« La Bolsa de Bielsa . El puerto de hielo »

Un livre-DVD au service de la Mémoire de l’exil : « La Bolsa de Bielsa. El puerto de hielo », de Maite Cortina, Mirella R. Abrisqueta et José Ángel Delgado, produit par Aragón Televisión, Diputación de Huesca, Ayuntamiento de Bielsa , Gobierno de Aragón, février 2008.

En février 2008, le Gouvernement d’Aragon ( soutenu par le programme « Amarga Memoria »),  la Corporation Aragonaise de Radio et de Télévision, la Région du Sobrarbe, la Députation de Huesca, la Municipalité et le Musée de Bielsa ont  contribué à la Commémoration du 70 ième anniversaire de la « Bolsa de Bielsa » par l’édition d’un livre-DVD pour que perdure le souvenir de ceux qui ont tout perdu pour défendre la liberté. Il  comporte un DVD documentaire : « La Bolsa de Bielsa. El puerto de hielo » (sous-titré en français) et un livre avec 3 articles (en espagnol non-traduit) ainsi que de nombreuses  photographies d’archives.
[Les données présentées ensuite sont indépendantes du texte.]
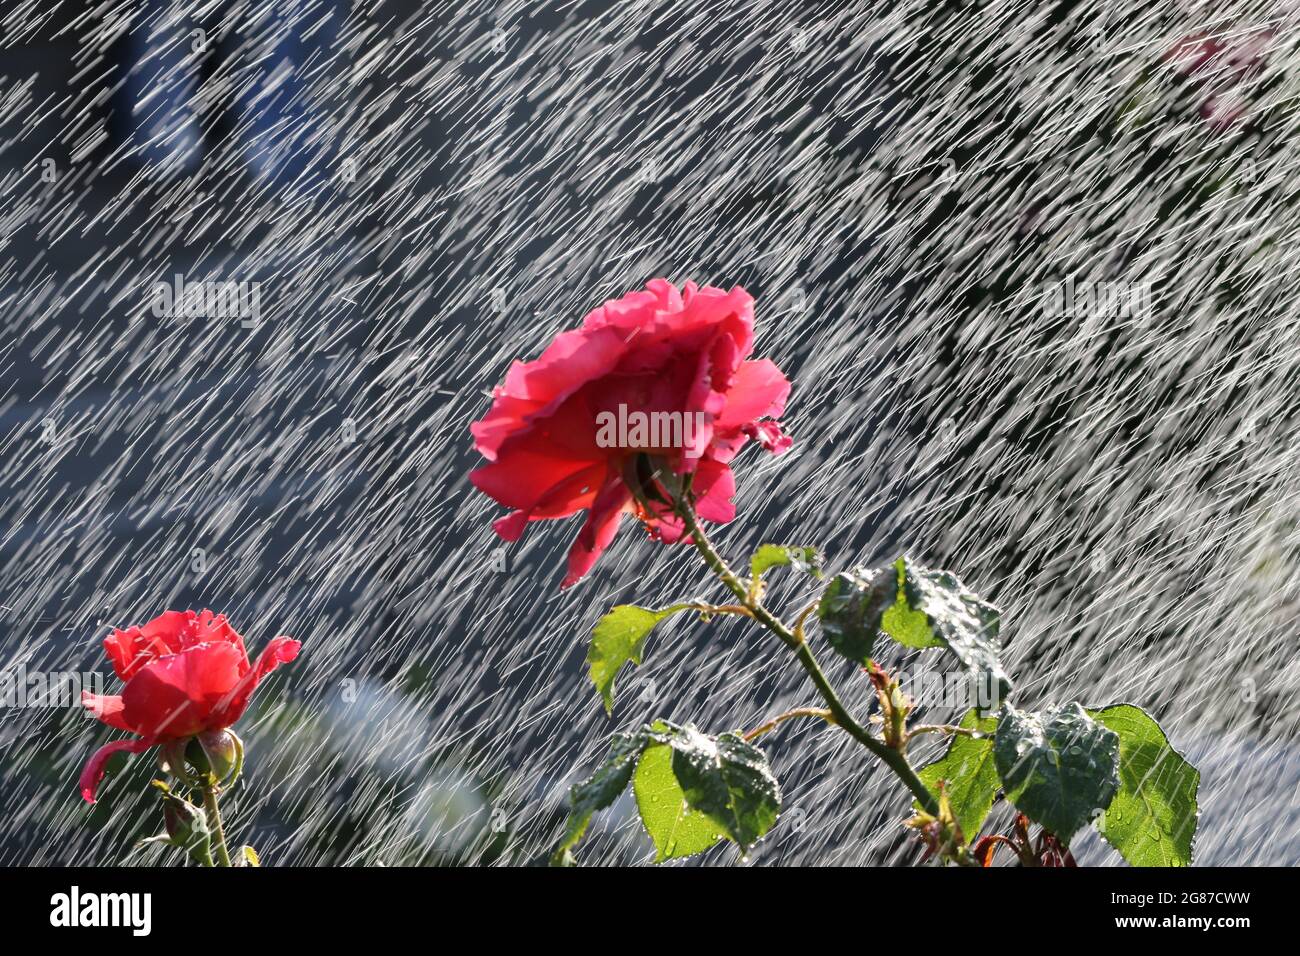 Roses arrosées dans un jardin intérieur, Ayrshire, Écosse, Royaume-Uni.Les gouttelettes d'eau qui atterrissent sur les roses rouges imitent la pluie et le mouvement Banque D'Images

L’épisode de la «  Bolsa de Bielsa » a profondément marqué l’histoire de cette vallée pyrénéenne située sur les flancs du Monte Perdido, el Alto Cinca. Là, isolée et abandonnée à son sort,  se trouve la 43e Division, le dernier bastion de l’armée républicaine en Aragon, sous le commandement d’ Antonio Beltrán, « El Esquinazau » (le rusé). Derniers défenseurs de la République en Aragon, les miliciens résistent jusqu’au 16 juin 1938, quand l’effondrement du front  par la Vallée de Benasque les oblige à se retirer par la frontière française. Pendant près de 3 mois, ils ont opposé une résistance héroïque et ont supporté les assauts d’un ennemi très supérieur en nombre et qui dispose de beaucoup plus de moyens et de matériel militaire. Comme ces avions nationalistes, appuyés par les avions allemands et italiens, qui se chargent de bombarder, d’incendier et de détruire le village de Bielsa,  les 14 et 15 avril 1938. C’est une attaque préméditée, fulgurante, qui dévaste tout et laisse un champ de ruines et de désolation, pendant des années…La plupart  des miliciens vont continuer la lutte et réincorporer l’Armée républicaine pour renforcer les positions catalanes.

Mais pour la population civile, pas d’autre choix que l’exil. À partir de début avril  1938 est organisé l’exode des civils vers la France. Plus de 6 000 personnes fuient les combats et les bombardements, laissant tout derrière elles, encombrées de baluchons et de valises, aidées de militaires et de volontaires locaux pour prendre en charge les enfants, les vieillards, les malades et les blessés. Ils franchissent ainsi le Port Vieux (2 378 m) et d’autres ports (cols) frontaliers, comme le Port de Barroude (2 534 m) et le Port de Bielsa (2 428 m), pour se réfugier en France dans la vallée de la Géla et la Vallée d’Aure. Ce sont différentes vagues de gens qui traversent les ports gelés et enneigés, sans équipement ni nourriture suffisante ni vêtements adaptés à des conditions météorologiques extrêmement dures. La dernière vague de civils, la plus nombreuse, franchit le Port Vieux le 14 mai 1938.

La bolsa de bielsa 2Ces évènements ont un ample écho en Espagne et ont bénéficié d’une large couverture médiatique à l’extérieur. Ils ont été en première page des journaux comme  La Vanguardia, ABC et L’illustration (numéro du 9 avril 1938).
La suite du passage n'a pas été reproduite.